The strong relationship between polar angle on the ellipsoid and predicted cell-cycle stage was also observed on an independent dataset on cultured primary mouse hippocampal progenitors from a wild-type mouse as well as from a Kmt2d +/βgeo mouse, a previously described model of Kabuki syndrome [24]. The data were processed similarly to the neurosphere data. Again, we select the top 500 most variable cell-cycle genes and perform a principal component analysis (Fig. 2b) which reveal an ellipsoid pattern. The shape of the principal component plot differs between the two datasets, but the weights used to form the first two principal components are highly concordant (Fig. 2c, Additional file 1: Fig. S5 for PC2) for the 321 genes present in both cell-cycle embeddings. Almost all of the highly ranked genes (absolute weights >0.1, highlighted in red and labeled with gene name) represent important regulators of, or participants in, the cell cycle. For example, the highest ranked gene is Top2A (Topoisomerase 2A) which controls the topological state of DNA strands and catalyzes the breaking and rejoining of DNA to relieve supercoiling tension during DNA replication and transcription [25]. Also highly ranked are Smc2 and Smc4 which compose the core subunits of condensin, which regulates chromosome assembly and segregation [26, 27].
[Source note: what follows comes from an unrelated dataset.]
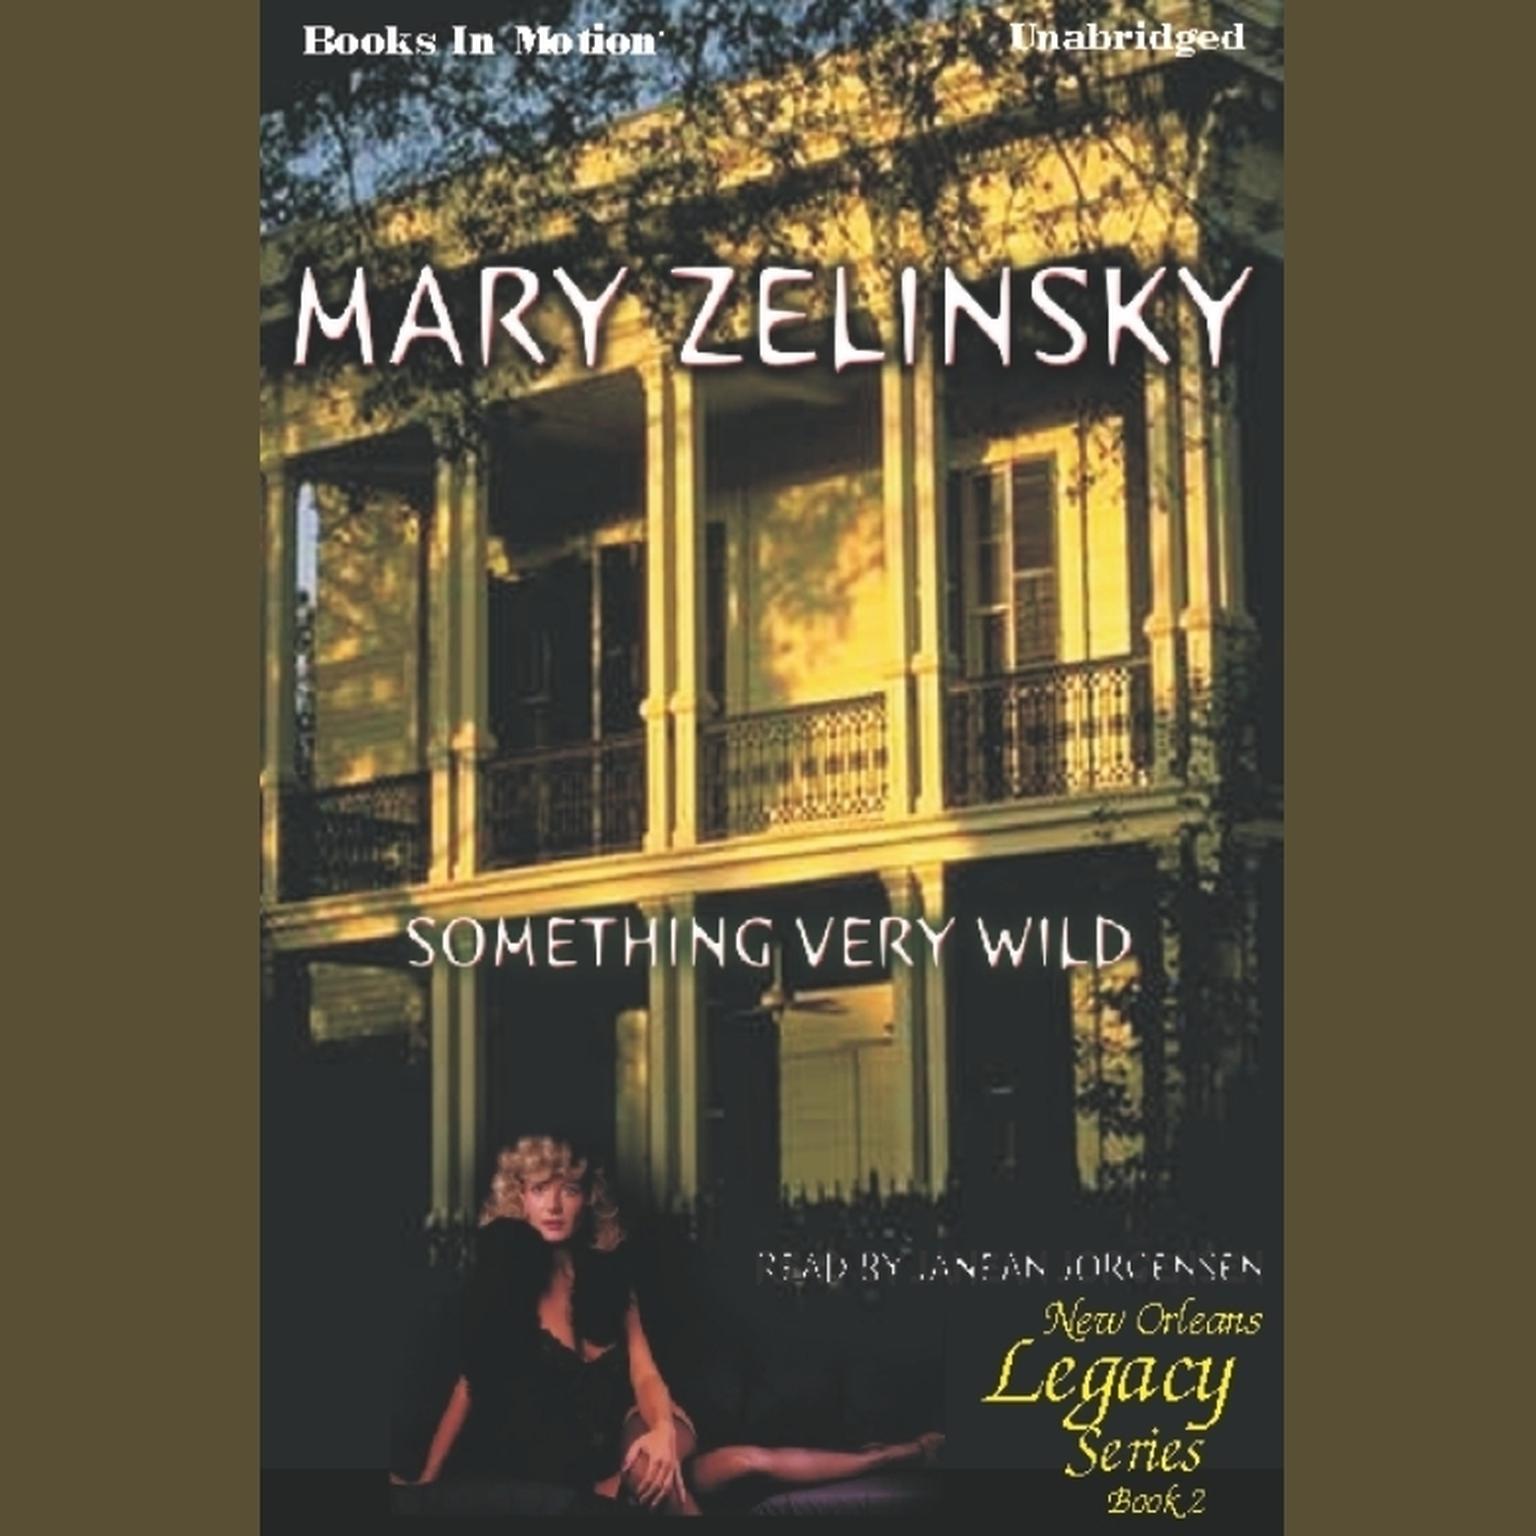 Something Very Wild Audiobook, by Mary Zelinsky

Given our mathematical analysis as well as the strong empirical relationship between polar angle on the ellipsoid and cell-cycle stage predictions, we define a method to learn cell-cycle position as the polar angle around the origin on the coordinate plane which we denote by θ. We center the coordinate plane on (0,0). Because we mean-center the expression data prior to performing PCA, this location corresponds to having mean (across the dataset) expression for all 500 variable cell-cycle genes. Linking to our idealized example with periodic functions, this will correspond to a timepoint (cell) where all genes have 0 expression after mean centering.

To demonstrate that cell-cycle position reflects the true biological cell-cycle progression, we consider expression dynamics of specific cell-cycle genes. For Top2A and Smc4 the peak expressions are observed at G2 stage around π (Fig. 2e), consistent with their known increased expression through S phase and into G2 [2729]. Furthermore, the dynamics are highly similar between the independently analyzed cortical neurosphere and hippocampal NPC datasets, which supports the observation that the two different embeddings yield concordant cell-cycle positions (despite each including dataset-specific genes). These observations hold for all genes with high weights (Additional file 1: Fig. S6). This approach serves as an internal control in any single-cell RNA-seq data set and can be used to assess the quality of any continuous ordering.

Next, we directly relate estimated θ to the measured transcription values. Figure 2f shows the log2 transformed total UMI numbers against θ, with a periodic loess smoother for each dataset. In both datasets, the maximum level is reached around π and the minimum around 1.5π, which corresponds to the end of G2 and the middle of M stage respectively. We observe the total UMI number begins to increase at the beginning of G1/S phase and to decrease sharply as cells progress through M phase. The difference between the maximum and minimum of the periodic loess line is 1, corresponding to a twofold difference in total UMI, which is known to be proportional to cell size [30, 31]. This observation, and the timing with respect to cell-cycle position, is consistent with the approximate reduction in cellular volume by one half as a result of cytokinesis in M phase and the formation of two daughter cells of roughly equal size.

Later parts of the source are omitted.